И обе заплакали, тихо и счастливо.

Нюраня крутилась около младенцев и засыпала вопросами бабку Миневу:

– Почему они такие красные?

– Вот на Божьем свету чуток побудут и посветлеют. До того ж все в темноте пребывали.

– А почему нахмуренные, на недовольных морщинистых старичков походят?

– Дык есть хотят.

– Им больно было рождаться?

– Не больней, чем их матери. Да и кто знает? Не спросишь.

Прасковья и Марфа шептались. Марфа на ушко расспрашивала сестричку, больно ли ей было, не терзал ли доктор шипцами, не резал ли? Прасковья успокаивала Марфу и все косилась на столик, где лежали сыночки.

Прасковье теперь казались нелепыми их опасения. Да многие недавние страхи и заботы вдруг отошли на задний план, стали неважными. С рождением детей Прасковья превратилась в другого человека, как волшебную реку переплыла – с берега спустилась пугливой молодицей, а вышла на другой берег матерью. Эту реку нельзя переплыть обратно, и то, что осталось за спиной, навеки скрылось за кручей. Нечто подобное было после замужества: из девок в бабы – однако по силе чувств несравнимое. Марфа же осталась в старой жизни, и сейчас ее расспросы досаждали Прасковье.
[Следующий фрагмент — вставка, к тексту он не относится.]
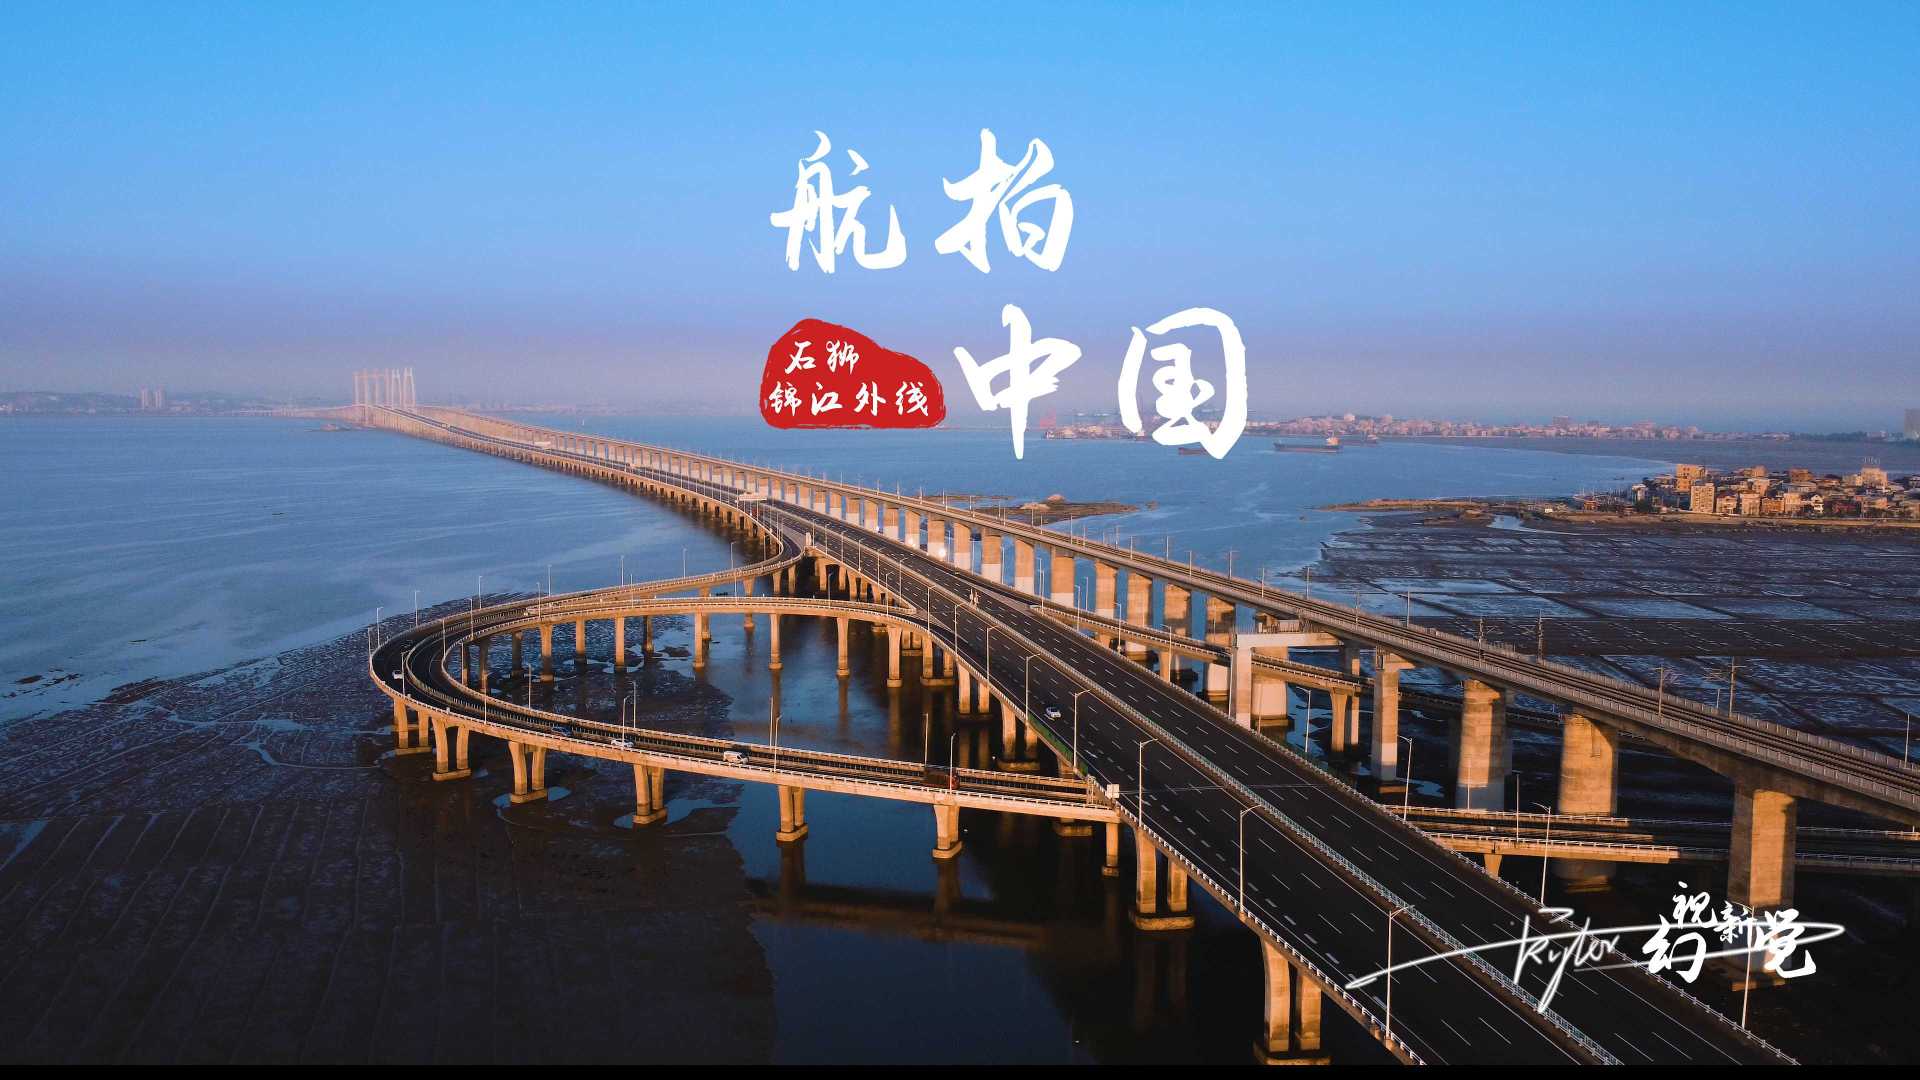 【出售素材】4K航拍素材 泉州湾大桥-追动车

Она приподнялась на локте и спросила с волнением:

– Бабушка Минева, покормить их надо уже?

Нюраня в это же время интересовалась, почему в тазу тряпки кровавые и что за печенка в миске на полу.

– Иди, девка, у доктора своего выпытывай, – отослала ее Минева, – много будешь знать. – И обратилась к Прасковье: – Отчего ж не покормить? Расцедить грудь надо, чтобы тугосиси не было…

Нюраня знала, что тугосиси – это когда у коровы после первого отела плохо молоко из вымени течет.

– У женщин как у коров? – спросила Нюраня.

– Кому сказано – геть! – прикрикнула Минева.

Марфа и Прасковья тоже глазами просили ее удалиться.

– Ну и пожалуйста! – вскинула голову Нюраня, направляясь к двери. – А Василий Кузьмич знает, что вы кормить младенцев вздумали?

– Да что ж это? – всплеснула руками Минева. – Нам теперь без его позволения и сиську ребенку не дать?

Старуха была обижена тем, что подвергли сомнению ее мастерство и на роды невесткам Анфиса дохтора привезла. Правда, несколько дней назад доктор вправил Миневе какой-то позвонок на вершок повыше копчика, и застарелая боль в спине стала проходить. Но сибирячки обиды быстро не забывают.

– Как по его учению, мне не ведомо, – бурчала Минева, – а по-нашему, первые капли материнского молозива от золотухи ребеночка уберегут.

– Давайте, давайте, – нетерпеливо замахала руками Прасковья.

– Которого первым? – хитро прищурилась Минева. – Левого али правого?

– Ой! – испуганно захлопнула Прасковья рот ладошками. Вопрос ей показался очень важным, а выбор жестоким. Как же она одного сыночка другому предпочтет?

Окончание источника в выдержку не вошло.